What you are asked to do: Your answer should consist of every line in the records that holds "Girl".

(Records drawn from a dataset)
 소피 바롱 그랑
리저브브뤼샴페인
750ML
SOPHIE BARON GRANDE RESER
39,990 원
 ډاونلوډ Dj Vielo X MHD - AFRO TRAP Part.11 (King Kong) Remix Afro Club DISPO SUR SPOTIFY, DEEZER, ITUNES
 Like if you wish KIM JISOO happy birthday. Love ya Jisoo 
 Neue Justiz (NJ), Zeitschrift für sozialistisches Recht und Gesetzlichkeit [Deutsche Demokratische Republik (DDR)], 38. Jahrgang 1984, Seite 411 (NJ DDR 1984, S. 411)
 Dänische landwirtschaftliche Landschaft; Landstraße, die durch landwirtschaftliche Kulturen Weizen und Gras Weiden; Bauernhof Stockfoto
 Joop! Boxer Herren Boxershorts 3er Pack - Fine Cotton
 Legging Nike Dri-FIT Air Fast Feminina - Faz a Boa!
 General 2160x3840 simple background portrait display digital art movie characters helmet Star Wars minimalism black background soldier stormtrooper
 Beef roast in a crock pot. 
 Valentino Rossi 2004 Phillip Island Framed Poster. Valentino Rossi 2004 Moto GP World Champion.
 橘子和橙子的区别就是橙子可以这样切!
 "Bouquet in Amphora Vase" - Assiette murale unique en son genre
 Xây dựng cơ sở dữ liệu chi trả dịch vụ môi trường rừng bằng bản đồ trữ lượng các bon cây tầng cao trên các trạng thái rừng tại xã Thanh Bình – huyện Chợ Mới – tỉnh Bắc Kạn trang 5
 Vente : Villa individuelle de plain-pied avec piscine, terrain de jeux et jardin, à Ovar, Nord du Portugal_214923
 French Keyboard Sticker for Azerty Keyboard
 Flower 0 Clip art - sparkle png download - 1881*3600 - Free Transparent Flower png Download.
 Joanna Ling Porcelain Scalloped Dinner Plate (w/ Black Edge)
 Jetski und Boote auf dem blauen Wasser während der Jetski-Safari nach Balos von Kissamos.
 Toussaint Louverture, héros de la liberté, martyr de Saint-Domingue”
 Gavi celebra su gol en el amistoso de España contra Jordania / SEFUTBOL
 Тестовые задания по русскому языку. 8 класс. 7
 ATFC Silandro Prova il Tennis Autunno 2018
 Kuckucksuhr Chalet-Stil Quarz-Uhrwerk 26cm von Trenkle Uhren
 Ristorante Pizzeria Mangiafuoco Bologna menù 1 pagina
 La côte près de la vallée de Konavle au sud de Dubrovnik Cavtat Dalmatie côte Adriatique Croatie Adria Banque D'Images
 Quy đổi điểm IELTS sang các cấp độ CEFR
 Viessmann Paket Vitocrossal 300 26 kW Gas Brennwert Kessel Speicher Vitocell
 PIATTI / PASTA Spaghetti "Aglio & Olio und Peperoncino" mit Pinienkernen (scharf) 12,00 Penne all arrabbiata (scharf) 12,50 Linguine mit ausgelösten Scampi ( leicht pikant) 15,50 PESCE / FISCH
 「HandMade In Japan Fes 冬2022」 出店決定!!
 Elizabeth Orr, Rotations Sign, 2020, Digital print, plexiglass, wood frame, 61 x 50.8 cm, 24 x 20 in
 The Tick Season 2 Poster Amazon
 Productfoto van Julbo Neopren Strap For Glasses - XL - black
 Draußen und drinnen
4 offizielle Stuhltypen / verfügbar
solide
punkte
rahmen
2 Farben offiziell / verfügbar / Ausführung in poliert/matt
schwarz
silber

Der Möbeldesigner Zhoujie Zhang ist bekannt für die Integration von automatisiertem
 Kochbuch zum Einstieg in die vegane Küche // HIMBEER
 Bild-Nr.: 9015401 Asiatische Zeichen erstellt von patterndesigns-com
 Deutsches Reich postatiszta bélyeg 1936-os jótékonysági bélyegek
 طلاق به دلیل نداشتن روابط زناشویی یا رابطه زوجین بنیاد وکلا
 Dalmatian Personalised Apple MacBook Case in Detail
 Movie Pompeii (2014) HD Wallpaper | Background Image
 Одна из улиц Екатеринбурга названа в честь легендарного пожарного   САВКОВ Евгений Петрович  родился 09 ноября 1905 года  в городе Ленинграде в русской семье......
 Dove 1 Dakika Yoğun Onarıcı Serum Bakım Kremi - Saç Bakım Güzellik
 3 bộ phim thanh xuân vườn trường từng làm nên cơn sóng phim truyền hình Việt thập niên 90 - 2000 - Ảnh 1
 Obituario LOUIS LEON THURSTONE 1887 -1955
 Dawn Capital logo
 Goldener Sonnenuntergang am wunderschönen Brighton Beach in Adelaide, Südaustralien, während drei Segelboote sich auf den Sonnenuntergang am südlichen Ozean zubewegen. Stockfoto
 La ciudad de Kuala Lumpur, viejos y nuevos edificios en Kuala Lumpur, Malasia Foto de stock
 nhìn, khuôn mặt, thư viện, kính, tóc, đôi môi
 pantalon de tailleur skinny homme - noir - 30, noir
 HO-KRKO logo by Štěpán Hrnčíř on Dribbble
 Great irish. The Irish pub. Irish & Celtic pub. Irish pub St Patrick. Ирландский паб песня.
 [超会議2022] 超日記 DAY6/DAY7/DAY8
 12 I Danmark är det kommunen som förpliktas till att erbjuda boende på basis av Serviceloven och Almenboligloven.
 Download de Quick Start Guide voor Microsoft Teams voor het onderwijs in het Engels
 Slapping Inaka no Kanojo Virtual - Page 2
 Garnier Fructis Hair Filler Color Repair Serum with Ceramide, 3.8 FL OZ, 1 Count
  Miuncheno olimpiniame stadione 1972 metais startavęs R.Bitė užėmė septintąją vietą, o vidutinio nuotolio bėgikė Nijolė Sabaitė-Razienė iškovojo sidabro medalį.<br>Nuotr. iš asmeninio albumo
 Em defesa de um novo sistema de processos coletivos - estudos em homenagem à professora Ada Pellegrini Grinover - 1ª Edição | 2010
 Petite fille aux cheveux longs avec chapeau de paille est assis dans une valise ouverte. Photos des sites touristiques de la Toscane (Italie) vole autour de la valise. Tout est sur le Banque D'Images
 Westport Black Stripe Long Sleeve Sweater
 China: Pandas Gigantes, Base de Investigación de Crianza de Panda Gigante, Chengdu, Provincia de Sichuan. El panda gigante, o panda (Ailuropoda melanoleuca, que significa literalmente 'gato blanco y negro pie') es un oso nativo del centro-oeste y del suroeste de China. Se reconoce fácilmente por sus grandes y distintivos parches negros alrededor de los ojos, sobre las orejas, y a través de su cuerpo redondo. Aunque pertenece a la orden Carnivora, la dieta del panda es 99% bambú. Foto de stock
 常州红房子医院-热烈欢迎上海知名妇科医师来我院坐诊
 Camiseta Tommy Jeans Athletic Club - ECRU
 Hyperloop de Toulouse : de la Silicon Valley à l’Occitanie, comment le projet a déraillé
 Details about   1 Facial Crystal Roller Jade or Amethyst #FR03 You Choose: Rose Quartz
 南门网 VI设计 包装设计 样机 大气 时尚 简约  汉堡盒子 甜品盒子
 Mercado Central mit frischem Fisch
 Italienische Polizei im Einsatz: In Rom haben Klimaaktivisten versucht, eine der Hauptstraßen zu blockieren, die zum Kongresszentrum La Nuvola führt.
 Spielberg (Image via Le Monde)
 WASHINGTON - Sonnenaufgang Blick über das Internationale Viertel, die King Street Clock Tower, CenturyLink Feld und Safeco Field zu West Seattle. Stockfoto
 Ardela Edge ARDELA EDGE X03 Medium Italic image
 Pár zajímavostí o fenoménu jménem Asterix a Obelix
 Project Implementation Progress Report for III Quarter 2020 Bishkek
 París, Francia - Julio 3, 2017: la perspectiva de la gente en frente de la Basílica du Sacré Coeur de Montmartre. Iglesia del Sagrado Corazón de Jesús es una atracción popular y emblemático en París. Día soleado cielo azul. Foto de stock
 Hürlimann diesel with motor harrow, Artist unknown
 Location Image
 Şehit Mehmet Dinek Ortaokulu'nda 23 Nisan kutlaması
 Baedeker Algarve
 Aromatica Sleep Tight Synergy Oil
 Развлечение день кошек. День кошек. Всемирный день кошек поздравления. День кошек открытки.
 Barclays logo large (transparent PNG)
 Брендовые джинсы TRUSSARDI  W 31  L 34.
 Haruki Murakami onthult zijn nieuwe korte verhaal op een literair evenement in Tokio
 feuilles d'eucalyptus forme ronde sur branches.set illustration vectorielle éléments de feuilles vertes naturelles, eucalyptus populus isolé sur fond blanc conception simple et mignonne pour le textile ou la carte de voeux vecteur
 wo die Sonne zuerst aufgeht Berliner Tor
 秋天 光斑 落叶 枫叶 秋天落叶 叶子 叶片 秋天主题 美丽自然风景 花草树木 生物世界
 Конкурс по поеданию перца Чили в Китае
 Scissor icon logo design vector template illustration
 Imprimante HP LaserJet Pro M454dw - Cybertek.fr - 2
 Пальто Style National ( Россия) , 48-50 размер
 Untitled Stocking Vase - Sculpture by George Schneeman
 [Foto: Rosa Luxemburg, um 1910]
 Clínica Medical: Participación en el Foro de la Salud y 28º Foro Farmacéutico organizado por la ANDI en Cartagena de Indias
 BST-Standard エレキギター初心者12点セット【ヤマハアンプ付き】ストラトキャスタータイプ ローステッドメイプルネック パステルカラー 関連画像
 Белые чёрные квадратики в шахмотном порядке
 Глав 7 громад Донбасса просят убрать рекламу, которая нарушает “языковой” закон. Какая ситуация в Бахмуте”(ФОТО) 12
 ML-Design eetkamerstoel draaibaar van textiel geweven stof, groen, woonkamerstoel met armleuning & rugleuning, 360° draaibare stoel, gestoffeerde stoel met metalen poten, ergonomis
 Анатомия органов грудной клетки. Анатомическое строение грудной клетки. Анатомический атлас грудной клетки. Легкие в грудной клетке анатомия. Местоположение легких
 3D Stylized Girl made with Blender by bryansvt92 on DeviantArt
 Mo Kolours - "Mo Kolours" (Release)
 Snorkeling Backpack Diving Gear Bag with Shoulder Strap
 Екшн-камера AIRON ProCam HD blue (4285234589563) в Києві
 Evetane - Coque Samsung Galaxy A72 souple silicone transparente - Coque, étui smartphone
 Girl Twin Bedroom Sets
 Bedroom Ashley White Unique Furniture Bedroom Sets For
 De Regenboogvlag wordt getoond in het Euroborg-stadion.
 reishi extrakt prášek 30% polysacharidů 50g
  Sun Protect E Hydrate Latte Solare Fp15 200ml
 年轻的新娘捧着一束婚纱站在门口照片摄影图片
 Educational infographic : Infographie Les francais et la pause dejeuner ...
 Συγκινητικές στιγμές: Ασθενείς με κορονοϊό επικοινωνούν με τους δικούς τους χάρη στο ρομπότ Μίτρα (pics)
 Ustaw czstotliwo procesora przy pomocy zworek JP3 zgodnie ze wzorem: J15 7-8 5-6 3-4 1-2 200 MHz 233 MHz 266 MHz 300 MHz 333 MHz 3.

Answer section:
 3D Stylized Girl made with Blender by bryansvt92 on DeviantArt
 Girl Twin Bedroom Sets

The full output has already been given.